Here is the result of ldd example1.exe

<<<< ldd example1.exe >>>>
        libmpi_f90.so.0 => /opt/openmpi/1.2.4/lib/libmpi_f90.so.0 (0x0000002a9557d000)
        libmpi_f77.so.0 => /opt/openmpi/1.2.4/lib/libmpi_f77.so.0 (0x0000002a95681000)
        libmpi.so.0 => /opt/openmpi/1.2.4/lib/libmpi.so.0 (0x0000002a957b3000)
        libopen-rte.so.0 => /opt/openmpi/1.2.4/lib/libopen-rte.so.0 (0x0000002a959fb000)
        libopen-pal.so.0 => /opt/openmpi/1.2.4/lib/libopen-pal.so.0 (0x0000002a95be7000)
        librt.so.1 => /lib64/tls/librt.so.1 (0x0000003e7cd00000)
        libnsl.so.1 => /lib64/libnsl.so.1 (0x0000003e7c200000)
        libutil.so.1 => /lib64/libutil.so.1 (0x0000003e79e00000)
        libmv.so.1 => /home/PROGRAMS/pathscale/lib/3.0/libmv.so.1 (0x0000002a95d4d000)
        libmpath.so.1 => /home/PROGRAMS/pathscale/lib/3.0/libmpath.so.1 (0x0000002a95e76000)
        libm.so.6 => /lib64/tls/libm.so.6 (0x0000003e77a00000)
        libdl.so.2 => /lib64/libdl.so.2 (0x0000003e77c00000)
        libpathfortran.so.1 => /home/PROGRAMS/pathscale/lib/3.0/libpathfortran.so.1 (0x0000002a95f97000)
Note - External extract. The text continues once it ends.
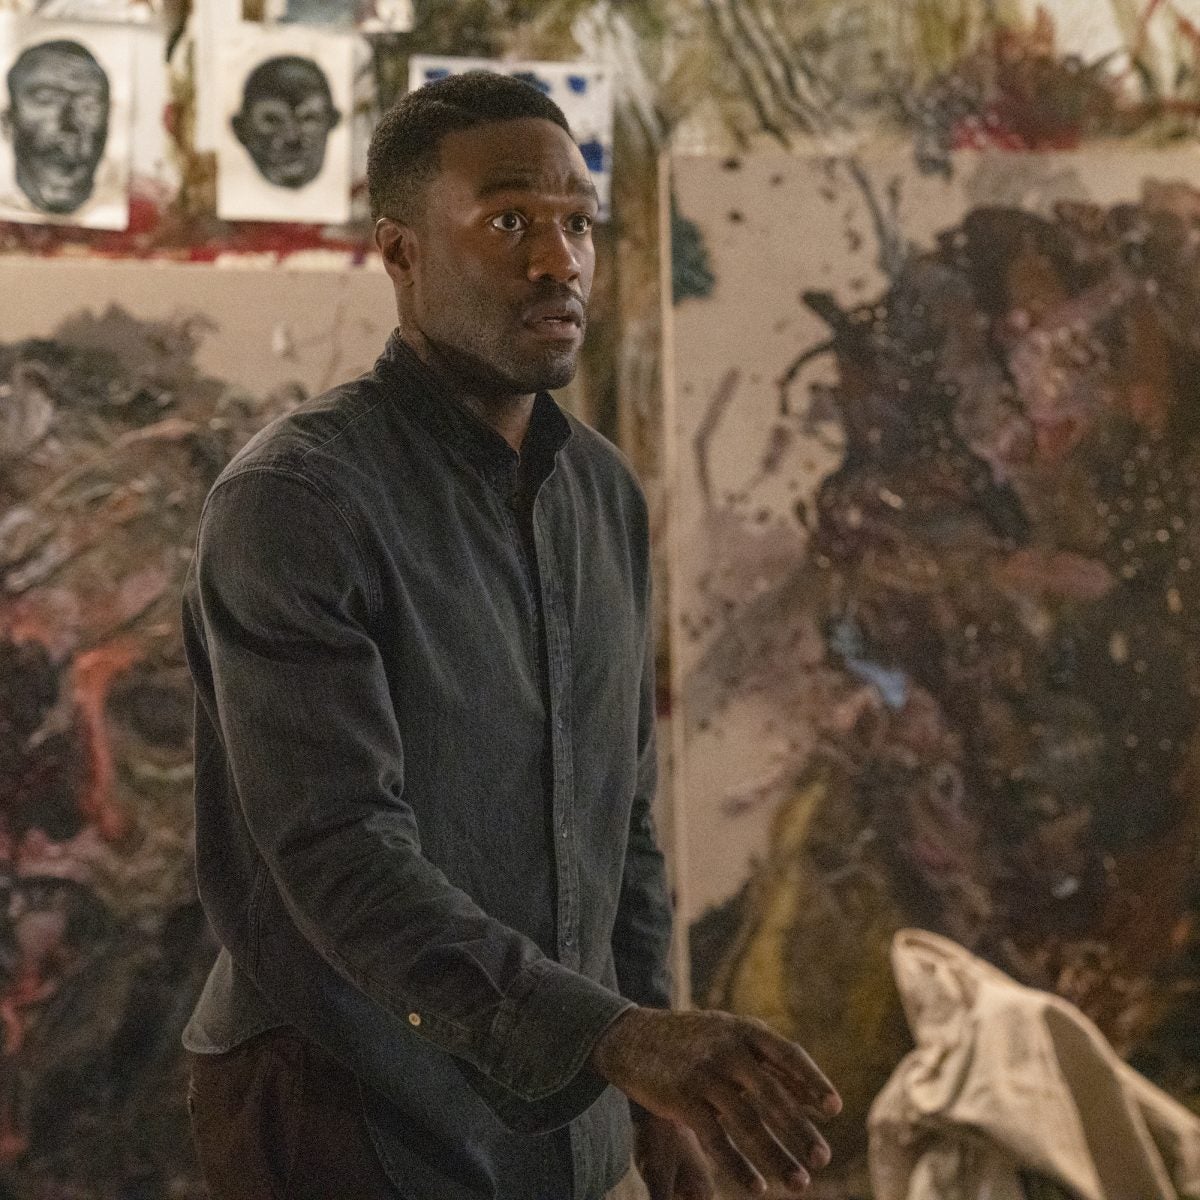 Attention Horror Fans: The New 'Candyman' Is Coming From A Black Woman
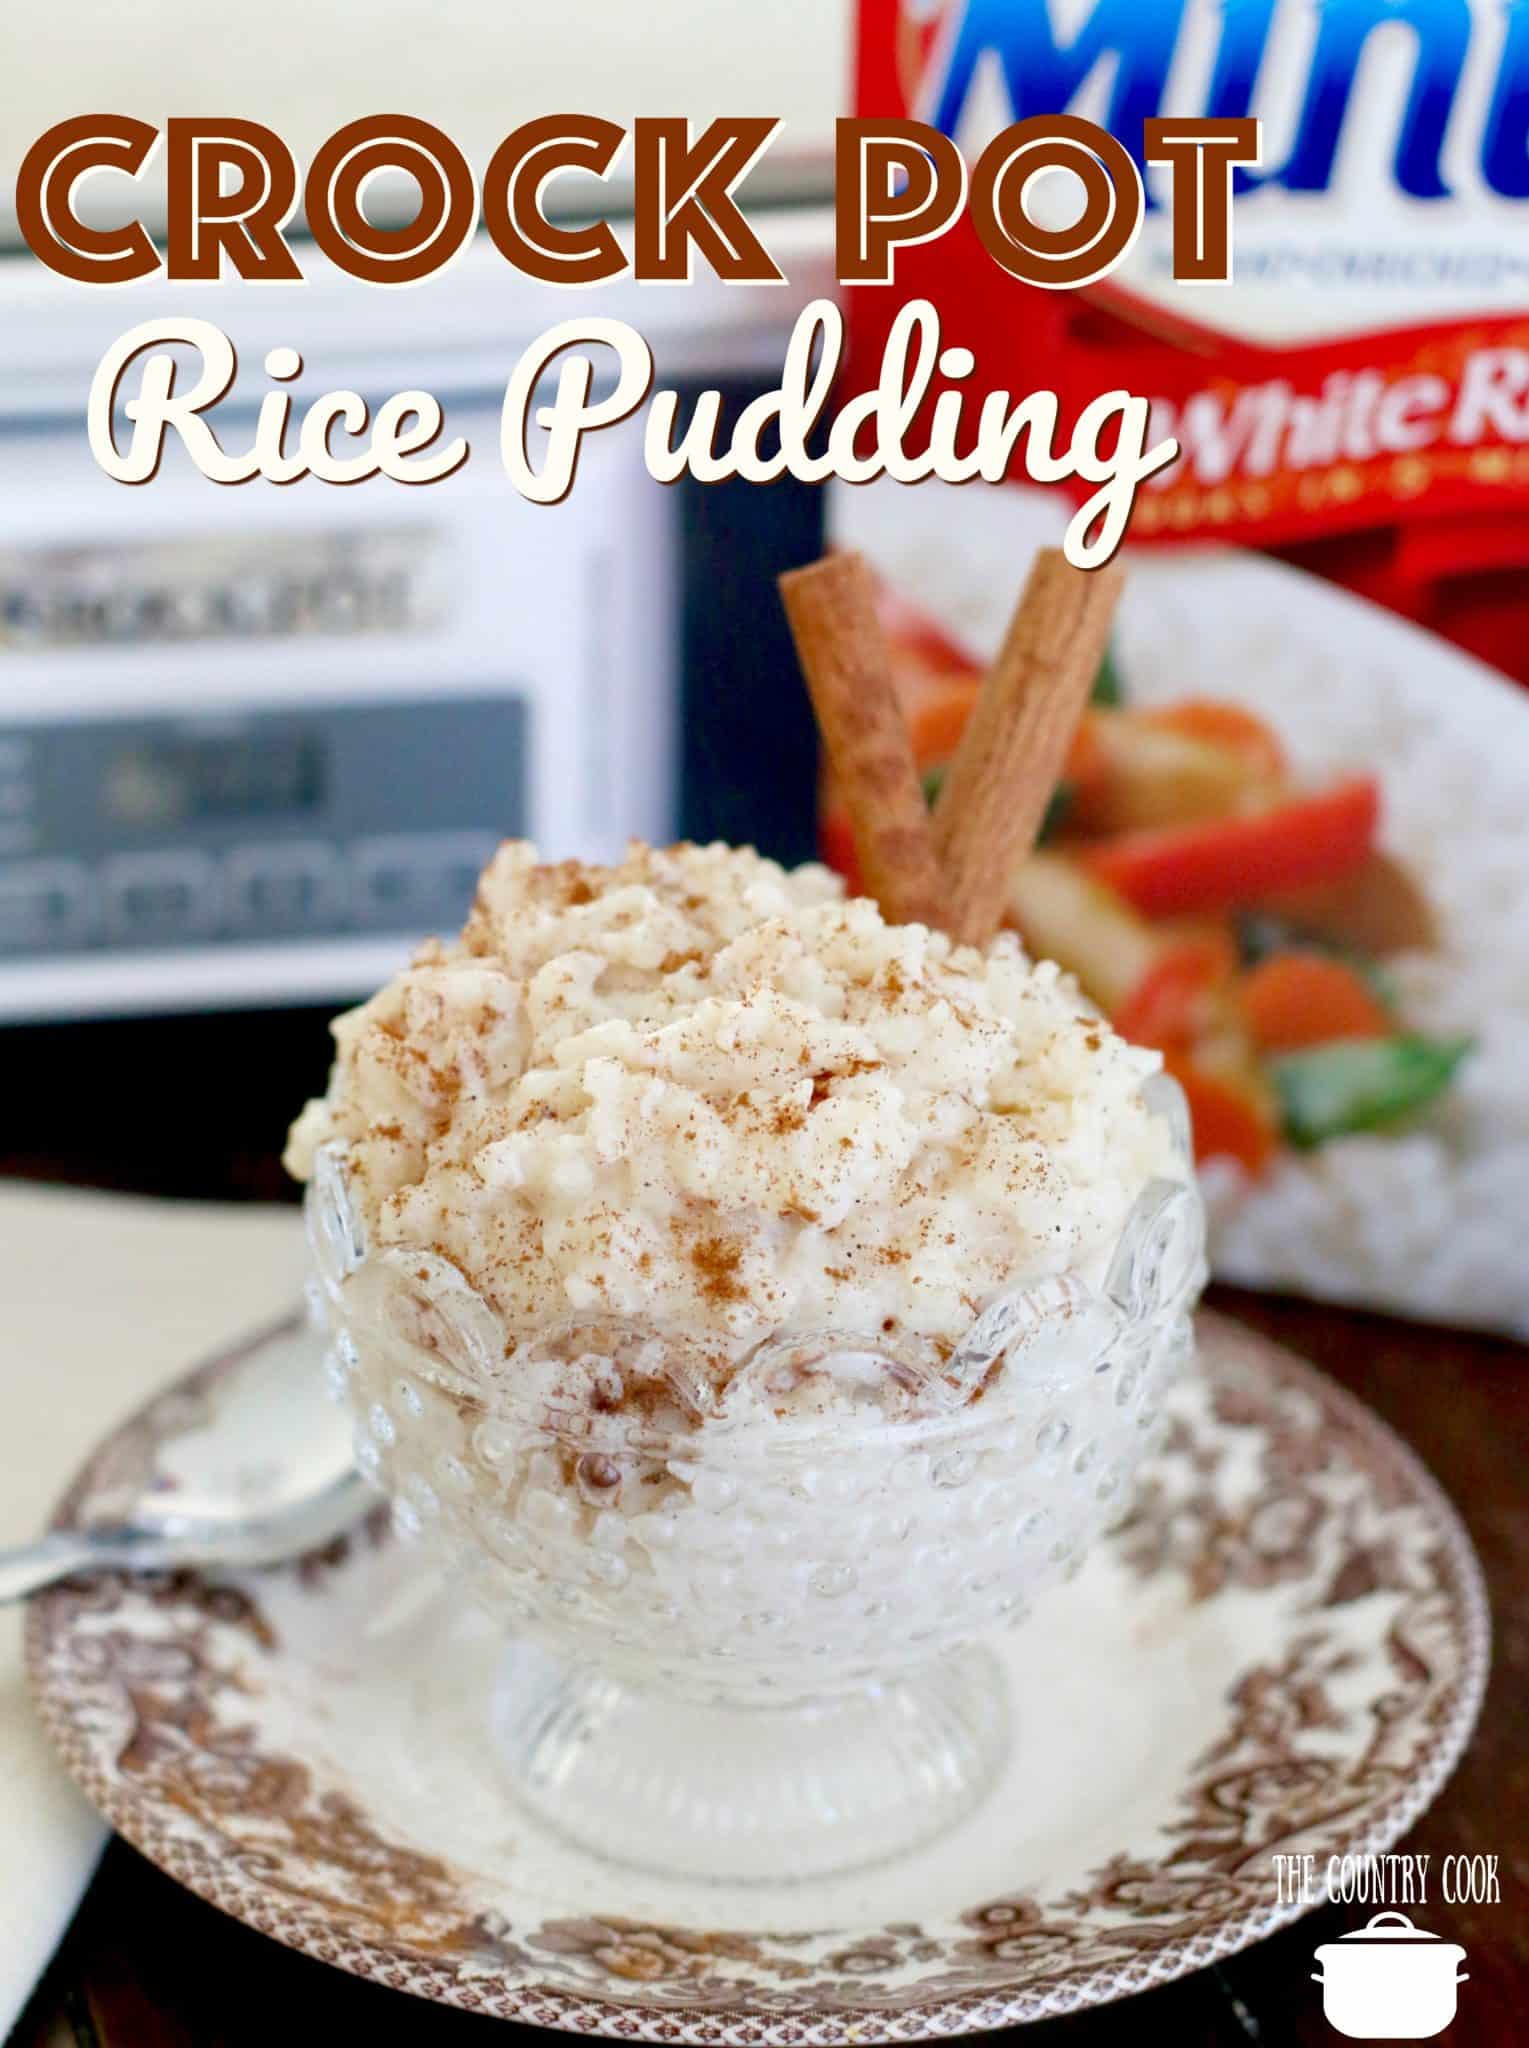 Crockpot Rice Pudding recipe from The Country Cook.

        libc.so.6 => /lib64/tls/libc.so.6 (0x0000003e77700000)
        libpthread.so.0 => /lib64/tls/libpthread.so.0 (0x0000003e78200000)
        /lib64/ld-linux-x86-64.so.2 (0x0000003e76800000)
<<<< end ldd >>>>

Like I said, the compilation of the example program yields no errors, it just will not run.
Does anybody have any suggestions? Am I doing something wrong?